*INFORMATION SUPPLIED*:

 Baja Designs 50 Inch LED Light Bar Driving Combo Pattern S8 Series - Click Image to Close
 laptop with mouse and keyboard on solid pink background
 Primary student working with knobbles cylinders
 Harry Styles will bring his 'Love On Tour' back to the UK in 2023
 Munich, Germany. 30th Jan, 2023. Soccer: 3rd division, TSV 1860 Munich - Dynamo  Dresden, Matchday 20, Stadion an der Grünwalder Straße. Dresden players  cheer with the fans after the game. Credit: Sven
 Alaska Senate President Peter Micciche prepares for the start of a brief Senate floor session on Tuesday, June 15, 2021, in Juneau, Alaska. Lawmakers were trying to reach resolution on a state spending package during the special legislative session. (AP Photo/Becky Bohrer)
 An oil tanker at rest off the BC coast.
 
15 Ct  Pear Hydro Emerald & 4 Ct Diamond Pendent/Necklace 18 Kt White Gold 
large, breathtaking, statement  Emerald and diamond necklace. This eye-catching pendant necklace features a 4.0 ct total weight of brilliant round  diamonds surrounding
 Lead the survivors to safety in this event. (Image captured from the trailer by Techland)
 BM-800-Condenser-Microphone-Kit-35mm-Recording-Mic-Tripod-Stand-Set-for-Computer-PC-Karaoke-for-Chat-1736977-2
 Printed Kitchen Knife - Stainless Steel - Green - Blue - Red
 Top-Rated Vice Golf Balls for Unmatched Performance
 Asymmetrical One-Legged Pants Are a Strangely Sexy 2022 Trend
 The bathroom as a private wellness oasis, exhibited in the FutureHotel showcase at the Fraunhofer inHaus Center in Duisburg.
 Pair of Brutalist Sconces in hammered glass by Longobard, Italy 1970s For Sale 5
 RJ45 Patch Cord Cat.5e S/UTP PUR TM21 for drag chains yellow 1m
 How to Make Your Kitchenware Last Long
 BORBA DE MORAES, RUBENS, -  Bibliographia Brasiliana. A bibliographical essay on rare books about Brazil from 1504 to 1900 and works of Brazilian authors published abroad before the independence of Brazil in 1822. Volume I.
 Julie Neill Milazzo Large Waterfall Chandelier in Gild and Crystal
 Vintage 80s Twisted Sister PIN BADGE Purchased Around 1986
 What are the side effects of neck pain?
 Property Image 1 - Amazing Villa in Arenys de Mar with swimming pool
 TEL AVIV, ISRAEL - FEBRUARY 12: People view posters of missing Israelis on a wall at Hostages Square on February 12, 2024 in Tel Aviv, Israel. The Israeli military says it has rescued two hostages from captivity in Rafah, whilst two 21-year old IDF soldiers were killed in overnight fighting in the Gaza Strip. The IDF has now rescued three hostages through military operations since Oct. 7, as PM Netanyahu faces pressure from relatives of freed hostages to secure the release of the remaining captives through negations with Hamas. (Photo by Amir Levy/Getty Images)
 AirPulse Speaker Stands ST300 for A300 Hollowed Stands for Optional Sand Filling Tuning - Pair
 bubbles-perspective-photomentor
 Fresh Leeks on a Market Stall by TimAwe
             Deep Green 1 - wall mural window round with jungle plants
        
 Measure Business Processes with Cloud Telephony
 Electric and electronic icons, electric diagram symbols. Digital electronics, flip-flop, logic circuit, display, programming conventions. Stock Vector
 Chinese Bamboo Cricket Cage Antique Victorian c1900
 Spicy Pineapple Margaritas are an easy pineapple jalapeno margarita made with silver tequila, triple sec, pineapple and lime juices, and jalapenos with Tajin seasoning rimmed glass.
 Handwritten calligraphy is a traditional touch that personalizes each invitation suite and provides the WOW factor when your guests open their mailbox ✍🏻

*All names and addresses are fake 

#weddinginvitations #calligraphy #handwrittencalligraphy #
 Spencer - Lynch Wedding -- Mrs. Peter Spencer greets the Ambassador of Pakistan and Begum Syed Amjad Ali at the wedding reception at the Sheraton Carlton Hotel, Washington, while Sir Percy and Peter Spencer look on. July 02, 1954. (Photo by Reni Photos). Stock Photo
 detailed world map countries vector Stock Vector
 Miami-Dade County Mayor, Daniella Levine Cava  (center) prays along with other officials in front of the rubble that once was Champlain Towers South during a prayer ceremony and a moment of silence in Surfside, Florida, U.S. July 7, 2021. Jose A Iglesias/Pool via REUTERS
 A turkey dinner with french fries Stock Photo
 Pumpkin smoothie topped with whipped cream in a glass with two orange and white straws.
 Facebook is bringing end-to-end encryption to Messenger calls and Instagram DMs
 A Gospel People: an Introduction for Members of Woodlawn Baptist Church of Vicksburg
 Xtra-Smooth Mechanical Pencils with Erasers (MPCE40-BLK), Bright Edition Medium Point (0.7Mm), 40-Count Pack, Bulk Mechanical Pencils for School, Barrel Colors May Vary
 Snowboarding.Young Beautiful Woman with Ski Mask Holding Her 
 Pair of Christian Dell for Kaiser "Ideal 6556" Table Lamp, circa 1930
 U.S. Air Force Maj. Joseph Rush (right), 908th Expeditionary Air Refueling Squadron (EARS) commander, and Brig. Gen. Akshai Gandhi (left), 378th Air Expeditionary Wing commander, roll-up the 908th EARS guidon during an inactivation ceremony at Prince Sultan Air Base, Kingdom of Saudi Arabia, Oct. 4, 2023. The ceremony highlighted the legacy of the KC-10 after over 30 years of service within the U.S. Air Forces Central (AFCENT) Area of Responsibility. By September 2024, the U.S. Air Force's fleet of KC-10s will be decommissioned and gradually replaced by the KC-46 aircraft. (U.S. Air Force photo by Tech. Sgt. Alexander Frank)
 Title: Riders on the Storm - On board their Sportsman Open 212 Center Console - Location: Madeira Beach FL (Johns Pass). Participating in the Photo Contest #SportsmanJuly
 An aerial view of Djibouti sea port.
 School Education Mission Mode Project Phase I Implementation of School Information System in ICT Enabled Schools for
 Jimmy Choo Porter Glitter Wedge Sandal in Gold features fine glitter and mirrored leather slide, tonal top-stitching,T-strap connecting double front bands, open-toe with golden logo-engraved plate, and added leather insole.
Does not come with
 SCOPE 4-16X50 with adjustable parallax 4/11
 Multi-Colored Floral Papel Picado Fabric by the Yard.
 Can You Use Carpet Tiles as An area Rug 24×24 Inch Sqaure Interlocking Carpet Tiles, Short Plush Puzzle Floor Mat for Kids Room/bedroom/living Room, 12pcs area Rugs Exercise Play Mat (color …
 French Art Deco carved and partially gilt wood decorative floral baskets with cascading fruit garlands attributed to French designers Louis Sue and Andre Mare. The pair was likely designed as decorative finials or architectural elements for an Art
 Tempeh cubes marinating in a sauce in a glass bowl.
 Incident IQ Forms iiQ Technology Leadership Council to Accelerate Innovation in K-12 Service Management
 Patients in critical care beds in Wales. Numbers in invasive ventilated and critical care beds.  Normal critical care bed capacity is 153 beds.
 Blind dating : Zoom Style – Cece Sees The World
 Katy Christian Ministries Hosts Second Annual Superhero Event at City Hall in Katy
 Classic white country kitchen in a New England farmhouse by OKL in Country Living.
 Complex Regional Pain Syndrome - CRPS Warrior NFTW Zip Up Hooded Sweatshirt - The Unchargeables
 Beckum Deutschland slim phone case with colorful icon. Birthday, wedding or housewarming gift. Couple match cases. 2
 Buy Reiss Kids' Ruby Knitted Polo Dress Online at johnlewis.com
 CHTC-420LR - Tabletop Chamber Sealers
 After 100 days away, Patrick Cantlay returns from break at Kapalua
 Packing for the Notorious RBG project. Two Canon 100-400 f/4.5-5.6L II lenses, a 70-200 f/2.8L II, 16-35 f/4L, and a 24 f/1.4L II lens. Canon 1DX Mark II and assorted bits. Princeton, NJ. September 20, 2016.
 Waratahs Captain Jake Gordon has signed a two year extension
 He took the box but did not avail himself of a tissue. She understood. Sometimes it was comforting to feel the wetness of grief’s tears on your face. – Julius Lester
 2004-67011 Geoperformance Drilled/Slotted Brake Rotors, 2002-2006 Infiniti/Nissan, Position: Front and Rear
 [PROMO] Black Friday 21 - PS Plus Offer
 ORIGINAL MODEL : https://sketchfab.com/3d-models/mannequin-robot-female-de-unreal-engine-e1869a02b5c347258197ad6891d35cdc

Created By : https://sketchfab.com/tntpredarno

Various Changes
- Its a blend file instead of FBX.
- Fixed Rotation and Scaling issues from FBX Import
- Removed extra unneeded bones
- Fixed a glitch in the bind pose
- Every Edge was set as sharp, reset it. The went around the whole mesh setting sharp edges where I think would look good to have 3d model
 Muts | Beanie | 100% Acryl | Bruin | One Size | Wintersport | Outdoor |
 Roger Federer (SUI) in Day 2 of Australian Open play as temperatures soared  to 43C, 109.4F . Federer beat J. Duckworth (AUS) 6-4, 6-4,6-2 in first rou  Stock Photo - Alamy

*PROBLEM TO SOLVE*: The reply should hold only the lines of the listing above starting at the line containing "Pair of Brutalist" and ending at the line containing "Julie Neill Milazzo", exactly as written.

*WRITTEN ANSWER*:
 Pair of Brutalist Sconces in hammered glass by Longobard, Italy 1970s For Sale 5
 RJ45 Patch Cord Cat.5e S/UTP PUR TM21 for drag chains yellow 1m
 How to Make Your Kitchenware Last Long
 BORBA DE MORAES, RUBENS, -  Bibliographia Brasiliana. A bibliographical essay on rare books about Brazil from 1504 to 1900 and works of Brazilian authors published abroad before the independence of Brazil in 1822. Volume I.
 Julie Neill Milazzo Large Waterfall Chandelier in Gild and Crystal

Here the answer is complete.